**Data extract**
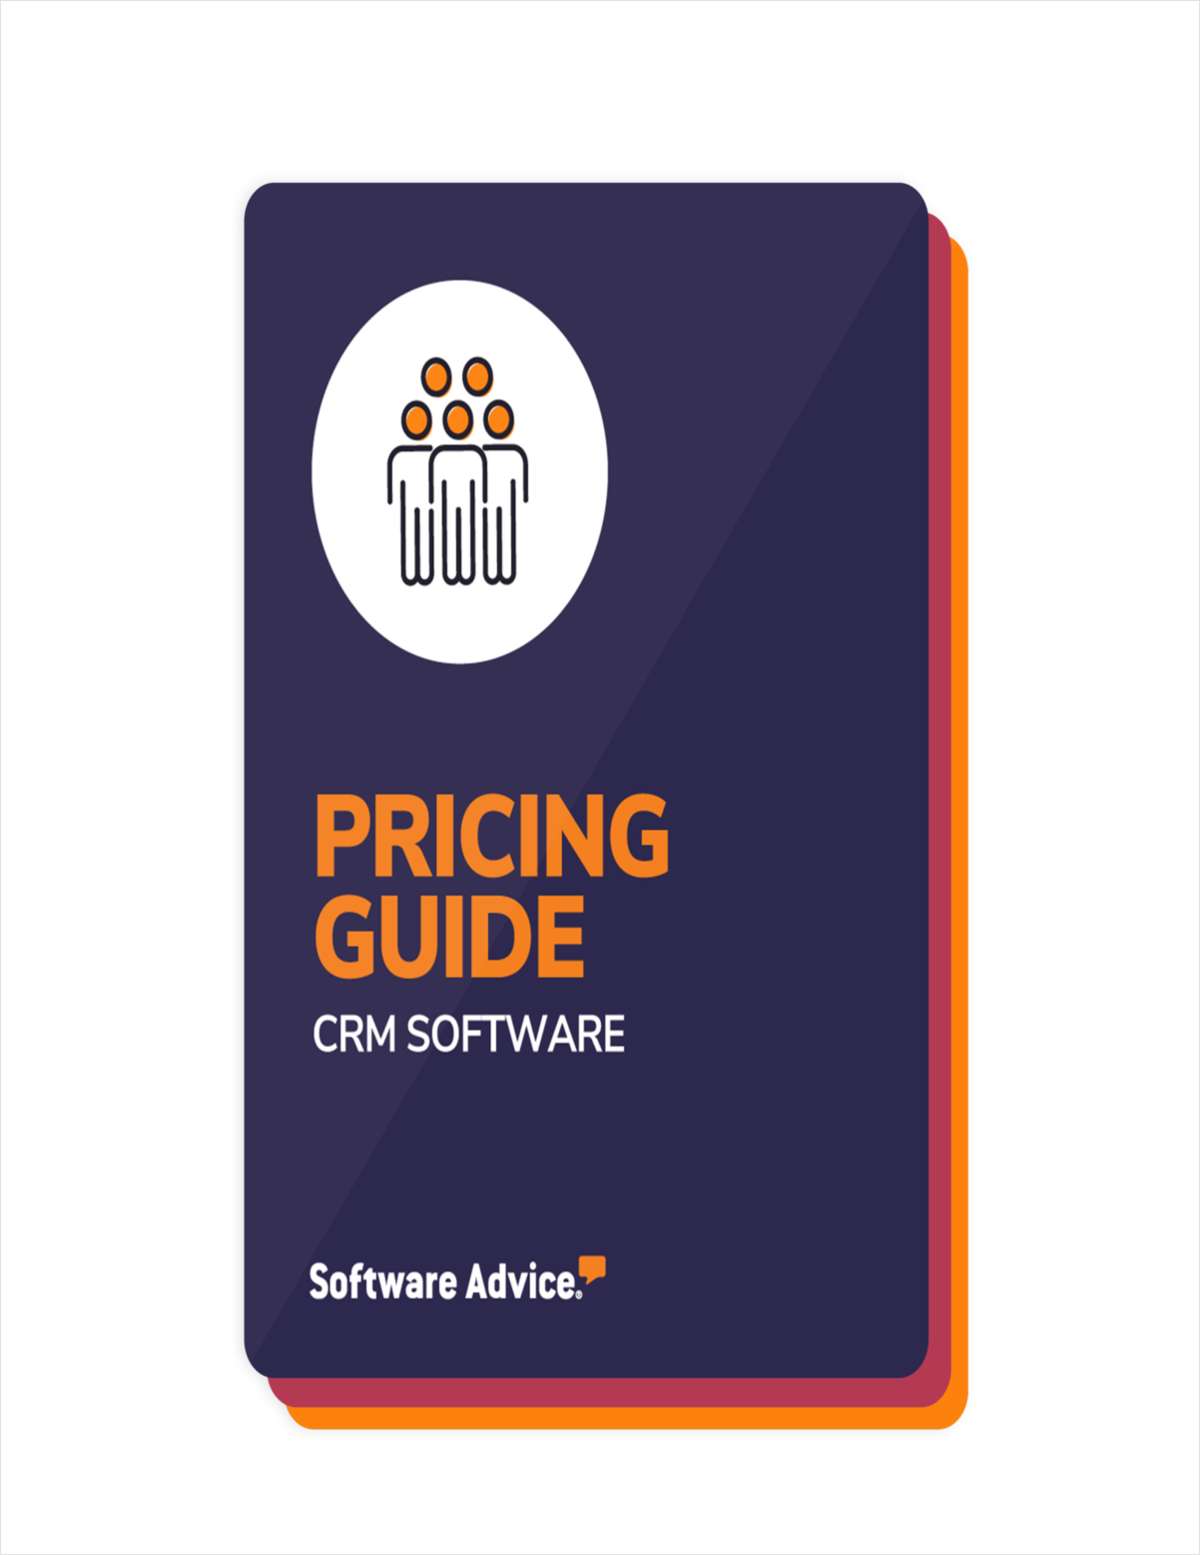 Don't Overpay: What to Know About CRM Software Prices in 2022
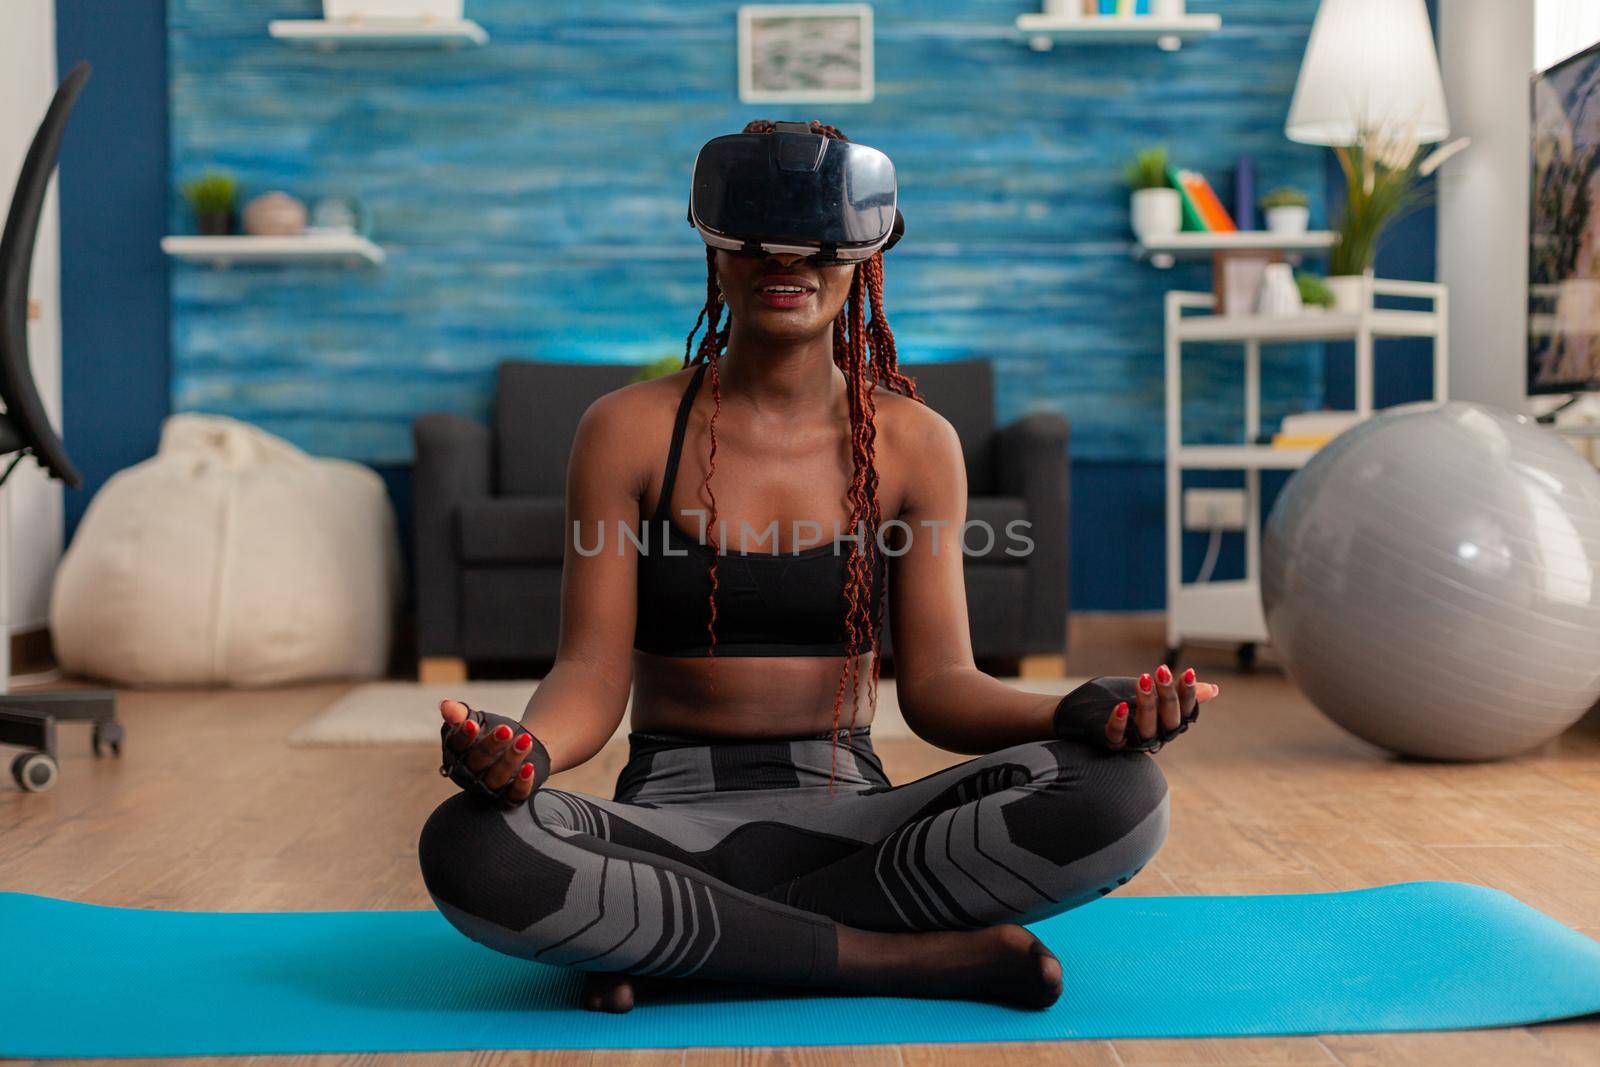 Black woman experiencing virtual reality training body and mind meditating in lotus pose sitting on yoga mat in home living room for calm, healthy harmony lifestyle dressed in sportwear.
--
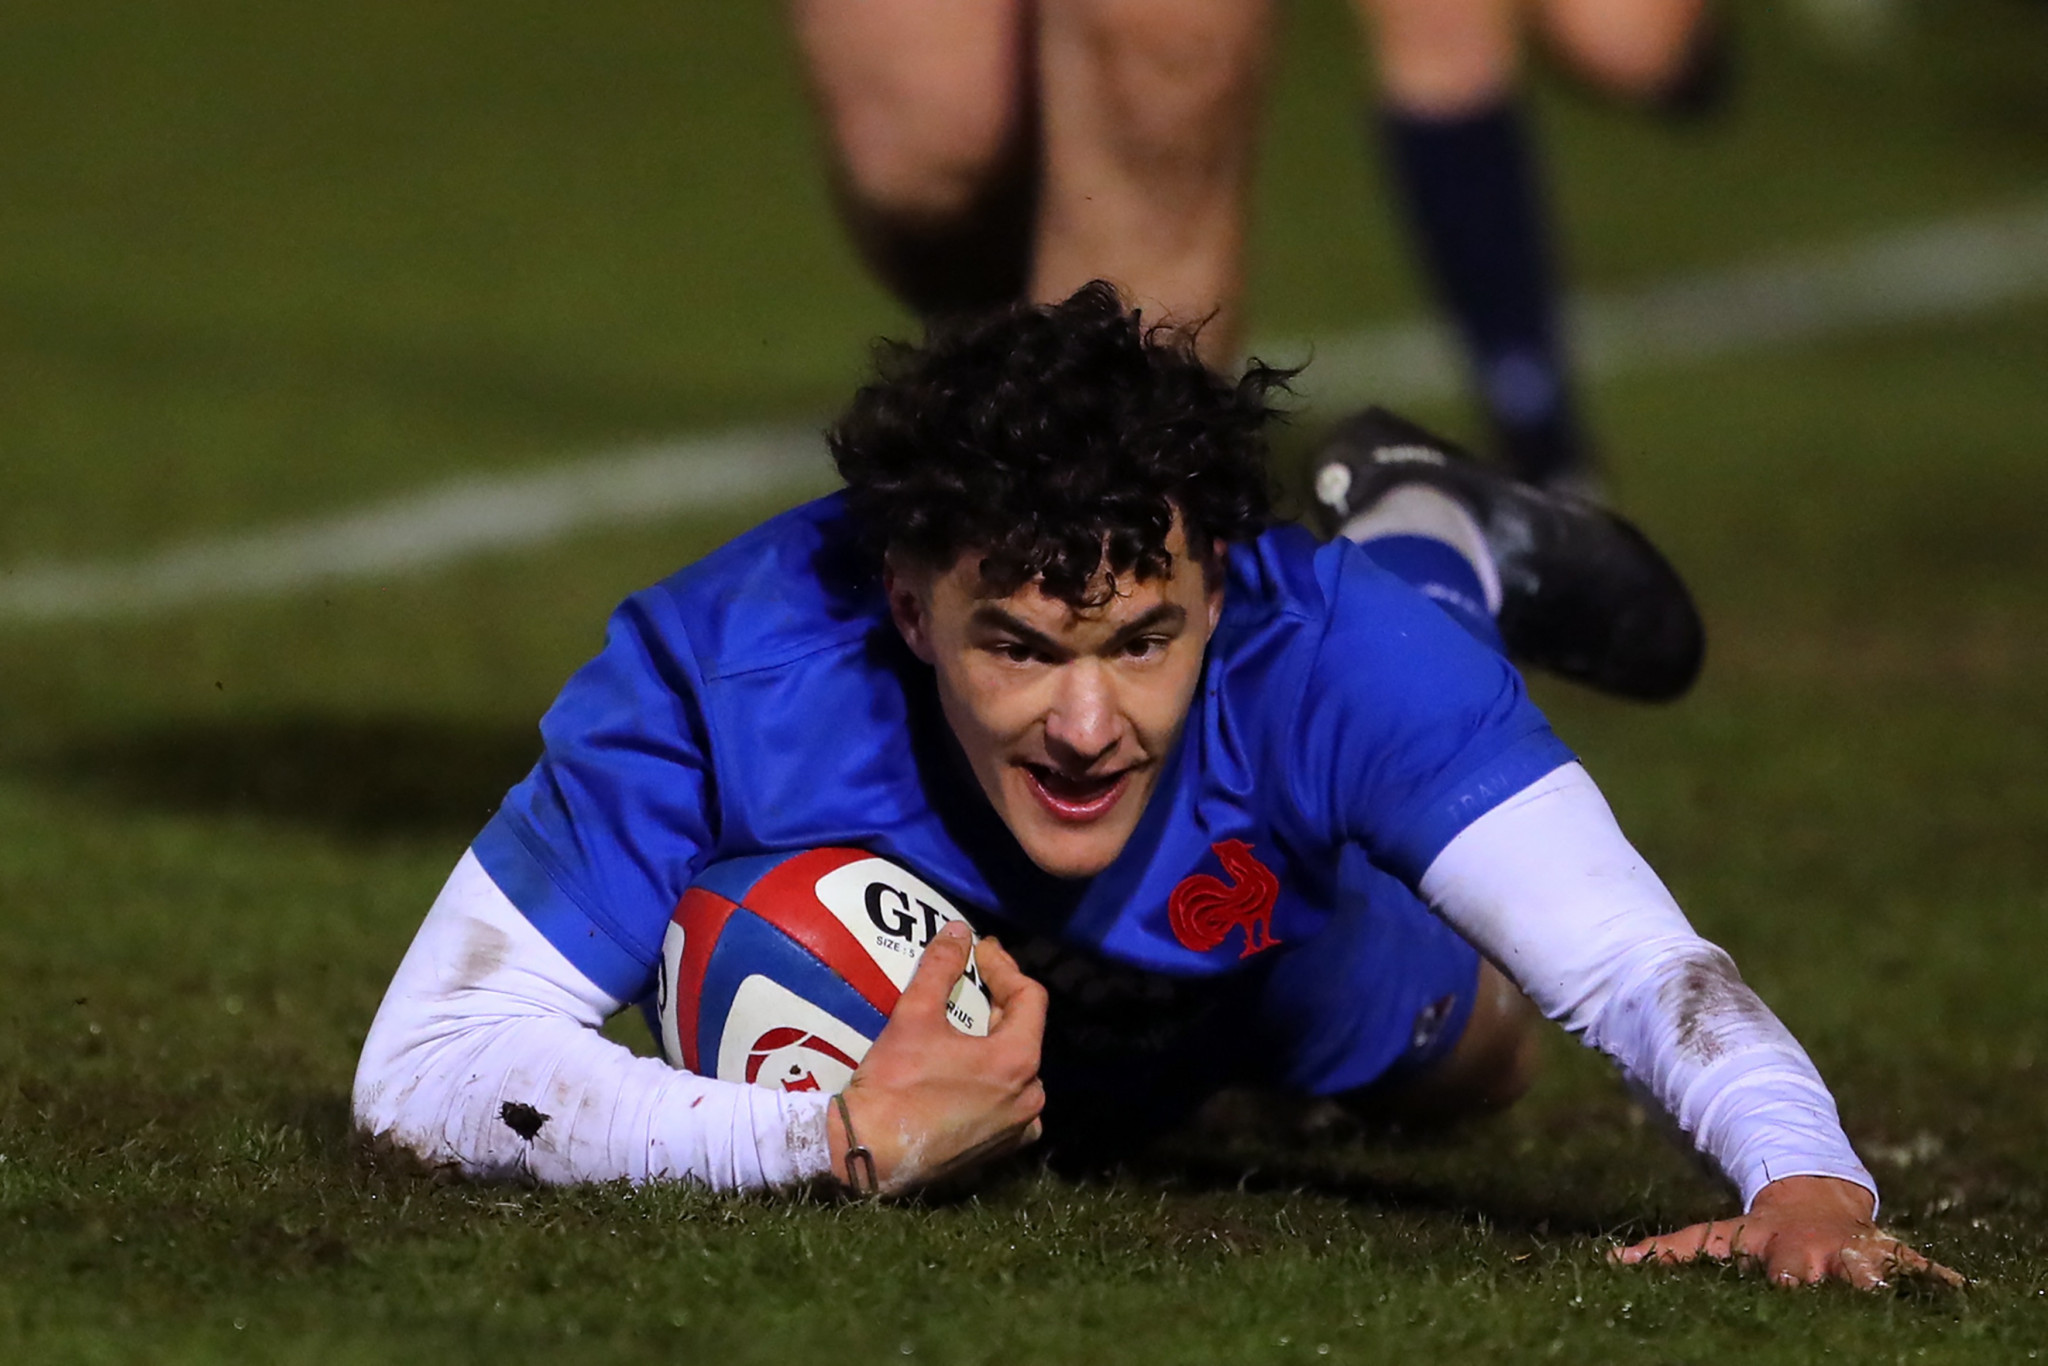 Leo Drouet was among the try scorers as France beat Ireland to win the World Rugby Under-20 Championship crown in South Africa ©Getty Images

**What is required**
In the listing above, find the line with "Don't Overpay: What" and the line with "Black woman experiencing". Set down exactly those lines and everything between them, skipping pictures.

**Answer to this exercise**
 Don't Overpay: What to Know About CRM Software Prices in 2022
 Black woman experiencing virtual reality training body and mind meditating in lotus pose sitting on yoga mat in home living room for calm, healthy harmony lifestyle dressed in sportwear.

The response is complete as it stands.